By Mihir Bose

Forget the Corinthian Spirit, The Olympics are All About Money

Gold goes to the sponsors: Mihir Bose describes how the Corinthian spirit of the Olympic Games has given way to a McDonalds-style franchise

This summer's London Olympics will see much talk of how the Games are the last bastion of the Corthinian spirit in sports: athletes competing for honour not money and living communally in a specially built village. Just before the Games begin, Jacques Rogge, President of the International Olympic Committee, will, as he always does, leave his Park Lane Hotel and move to the Olympic Village. To emphasise this Corthinian ethos, no advertisements will be allowed at the Olympic venues.

But any idea that this will make 2012 like the 1948 London Games, at which Horlicks was sipped as athletes cheerfully put up with post-war austerity, will be an illusion. In reality, 2012 will be a tightly controlled franchise with strictly policed rules, a final destination on the road travelled by modern sporting events since commercialism made its pitch invasion in the mid-80s.

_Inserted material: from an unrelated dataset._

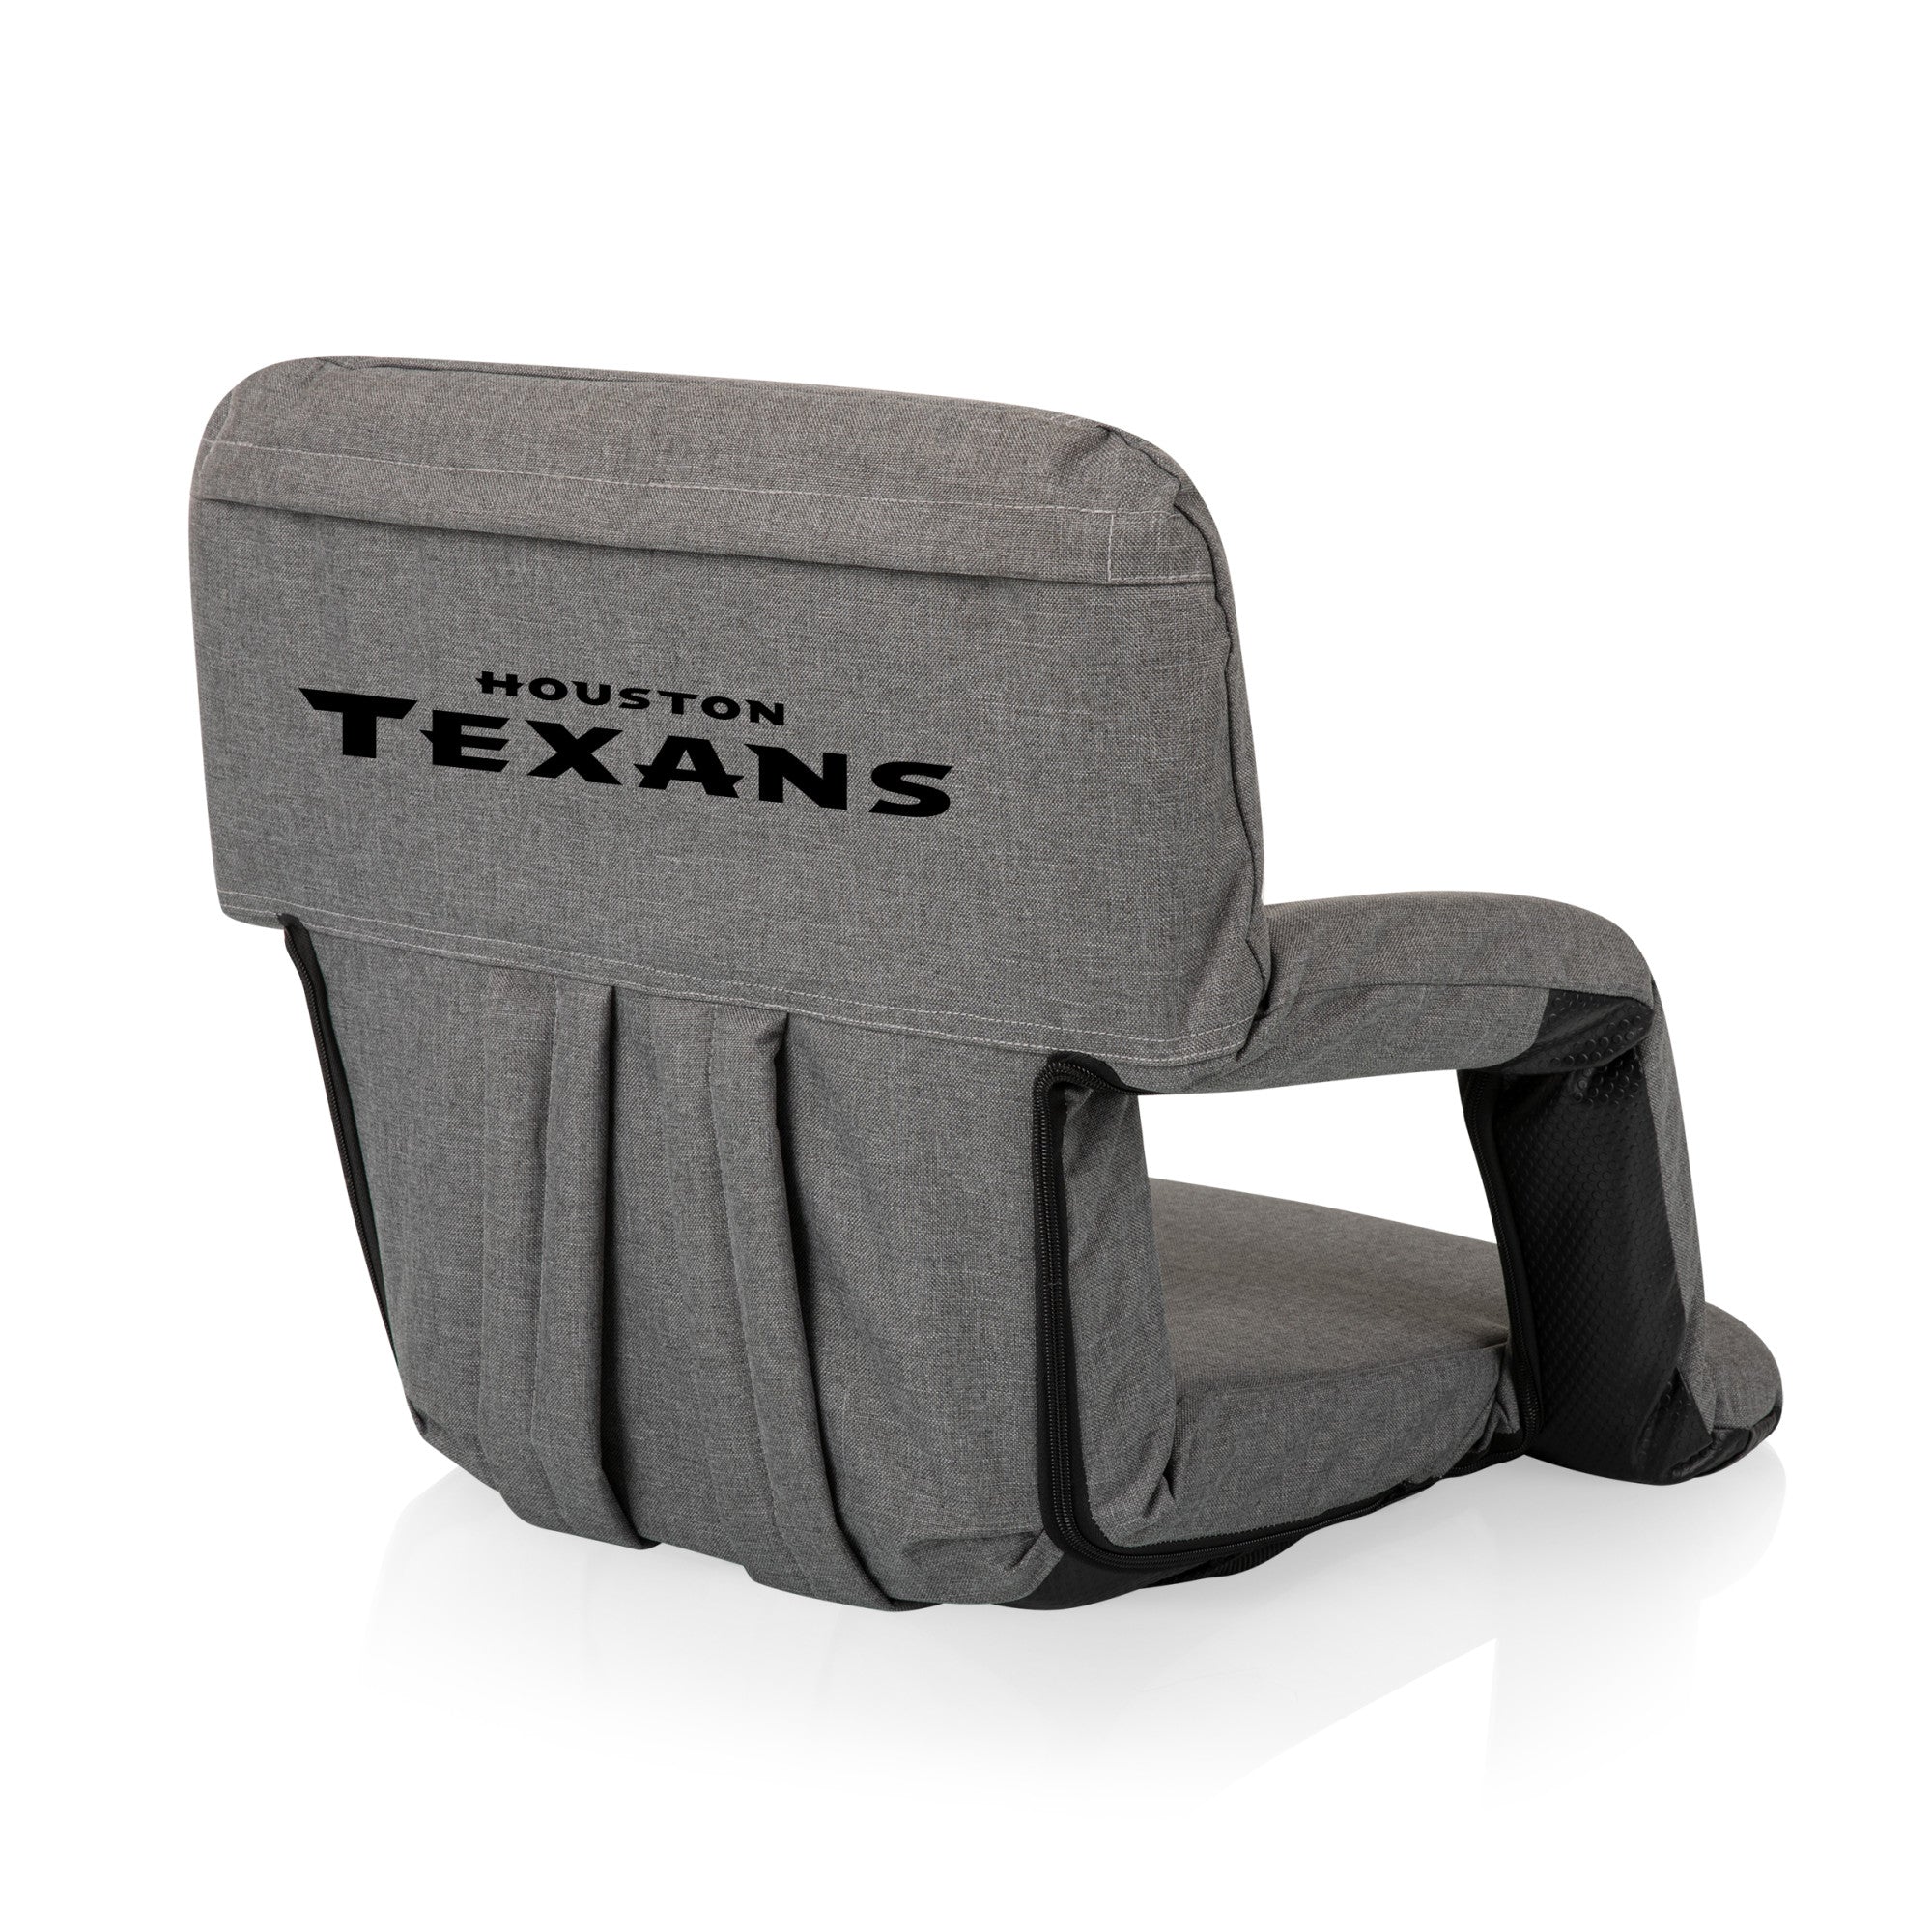 Houston Texans - Ventura Portable Reclining Stadium Seat

So London's organisers have been told to deliver a 'clean city'. This means ensuring all billboards advertising products which rival those of Olympic sponsors are removed. Sponsors provide the money, their rights need protecting.

The IOC can impose these rules because in the past 20 years politicians have been convinced of the value of sports. In 1987, when Mrs Thatcher appointed Colin Moynihan as her Sports Minister, she revealed that she was immune to the attractions of sport. As he left No 10, she told him: 'For some extraordinary reason, the press are fascinated by sport. It's likely your appointment will lead on the Six O'clock News. Please keep it quiet until then.'

Her successors are all too eager to be associated with sport. So in the spring of 2011 Barrack Obama, making his first state visit to Britain, played table tennis with David Cameron against schoolboys in London. British papers analysed their ability and playing styles as indicators of their performance in office.

Britain is spending 9.3 billion pounds to host the 2012 Games. One argument in favour of this is that the Games have ensured the development of the East End. Tessa Jowell, Secretary for Culture, Media and Sport under Tony Blair, also saw it as elevating the nation's status and used it to persuade him to back Britain's Olympic bid. As they sat in the Downing Street garden she told him that it would be a great shame if the fourth largest economy - as Britain then was - could not even bid for the greatest show on earth. Blair was so taken that, although the vote in Singapore in June 2005 was on the eve of a G8 summit that he was hosting, he squeezed in a visit there to help London defeat the favourite Paris.

Britain is clearly distinct from the countries that have recently won the right to host the Games or World Cup since 2008. Most belong to the so-called BRICS group of rising economic powers - Brazil, Russia, India, China, South Africa - and have something to prove to the world.

In many ways the most revealing political wooing was that by Nelson Mandela to secure South Africa the 2010 World Cup. I was made vividly aware of this on May 14, 2004, a day before the Fifa executive met to vote on the bid. In Zurich's Grand Dolder Hotel in the hills above the Fifa HQ, I saw Mandela and Thabo Mbeki, then President of South Africa, emerge from their suite with Jack Warner, a Fifa vice-president. Warner controlled three votes on the 24-man executive and could swing the election.

What these three discussed has never been revealed but the next day South Africa won and at the celebratory lunch Mandela duly raised a glass to his new friend.

Mandela knew that Fifa would behave as if it was a Vatican of sport. In South Africa, Fifa even forced through a law change so that football-related offences were brought to court within weeks. This in a country where it take years for a normal case to come to court. Mandela was willing to pay that price to show that his rainbow nation could host the World Cup.

Back in 2002, then at The Daily Telegraph, I launched the campaign for London to bid for the 2012 Games. The reason I was in favour was at that stage this country had, unlike the French, been wretched on big projects - witness the Dome or Wembley - and I felt it was time to prove we could do better.

However, it was after the victory that too little was done to explain what hosting the Olympics meant. Unlike Rio, Britain did not need the Olympics to announce its arrival as a nation. What was also not explained was that the Olympics meant regeneration of the East End and this would be costly, pushing the budget up from 2.34 billion pounds to 9.3 billion pounds. When I revealed this, many involved in running the Olympics were unhappy. What is still being skated over is that the control exercised by the IOC means these Games are far removed from the Corthinian principles that inspired the original Olympics.

(Mihir Bose is the author of The Spirit of the Game, How Sport Made the Modern World.)